Monday, March 9, 2015

Nigeria: Managing electoral expectations

FEW elections have had the hype of the 2015 elections, which has created strands of expectations that would be challenging to manage. They are principally on two fronts – expectations of victory and campaign promises to change the country.

Voters seem to be buying into them.
Most voters have a catalogue of reasons why victory should be their party’s. In the same manner, they can reel out the party’s manifesto or the electoral promises of each candidate. All the campaigns centre on the certainty of victory for each contender. Nobody talks about the possibility of losing the elections.

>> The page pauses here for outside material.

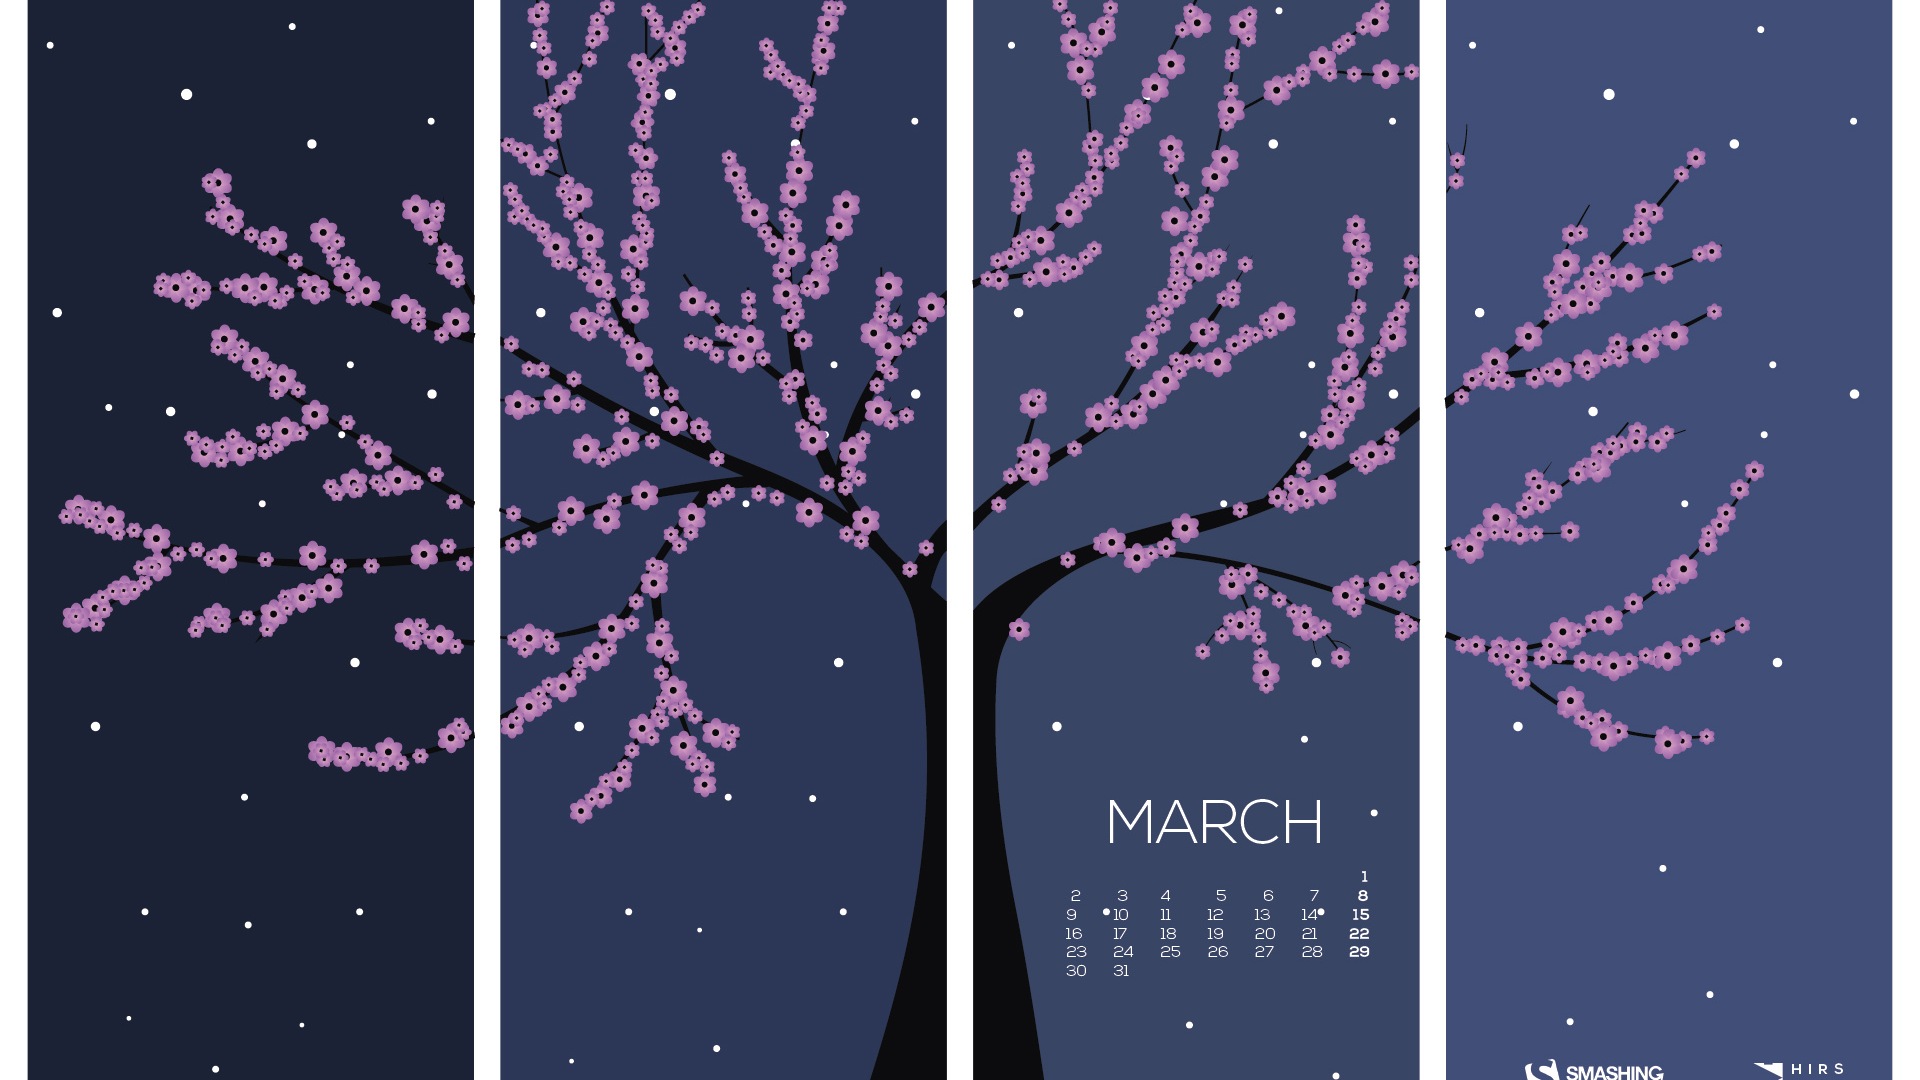 March 2015 Calendar wallpaper (2) #15 - 1920x1080

Each party wants to unchain the potentials of Nigeria, leading it to peace, progress, and prosperity.
Here are typical manifestoes of the 2015 elections:

• Better management of our natural resources
• Building roads, power and infra-structure
• Creating jobs
• Fighting corruption
• Free, relevant, quality education
• Healthcare plan for children and adults
• Restoring Nigerian agriculture
• Social welfare plan for the less advantaged
• Strengthening peace, security, and foreign policy

These are noble ambitions that could really change Nigeria. Any organisation that is able to free Nigerians from any of those shackles would be on its way to creating a new country.

Criticisms of these manifestoes include the capacities of the winning party to mobilise resources to execute them. In the contest for power, words seem not to have meaning. Nigerians would benefit from better ideas that are distilled from the contentions to serve the people better. The high standards of service politicians promise at election times disappear once the contest is decided. Will 2015 be different?

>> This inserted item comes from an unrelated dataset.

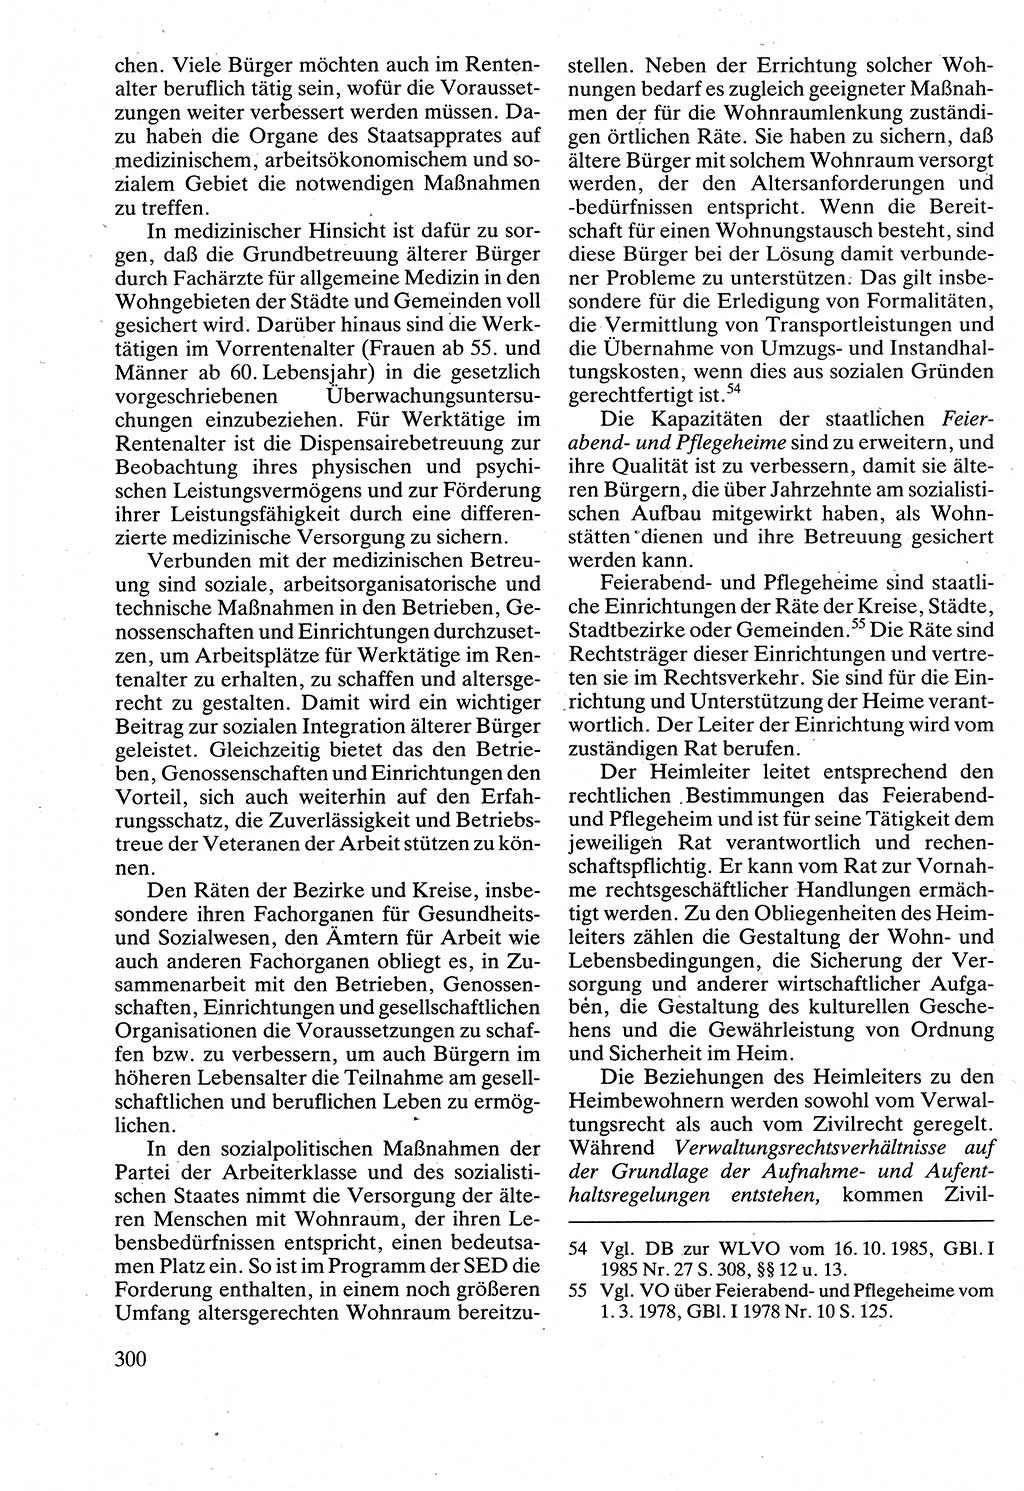 Verwaltungsrecht [Deutsche Demokratische Republik (DDR)], Lehrbuch 1988, Seite 300 (Verw.-R. DDR Lb. 1988, S. 300)

Beyond the promises the parties make and the peace accords they have signed how are the parties managing the expectations of their supporters? As they preach their advancement to victory, parties should also tell their supporters about the flipside of victory – defeat. How would the parties take a loss of the elections?

Management of elections – on the part of the parties – should include education of their supporters to accept victory or defeat, for elections go either way. The change Nigerians want includes violence-free election.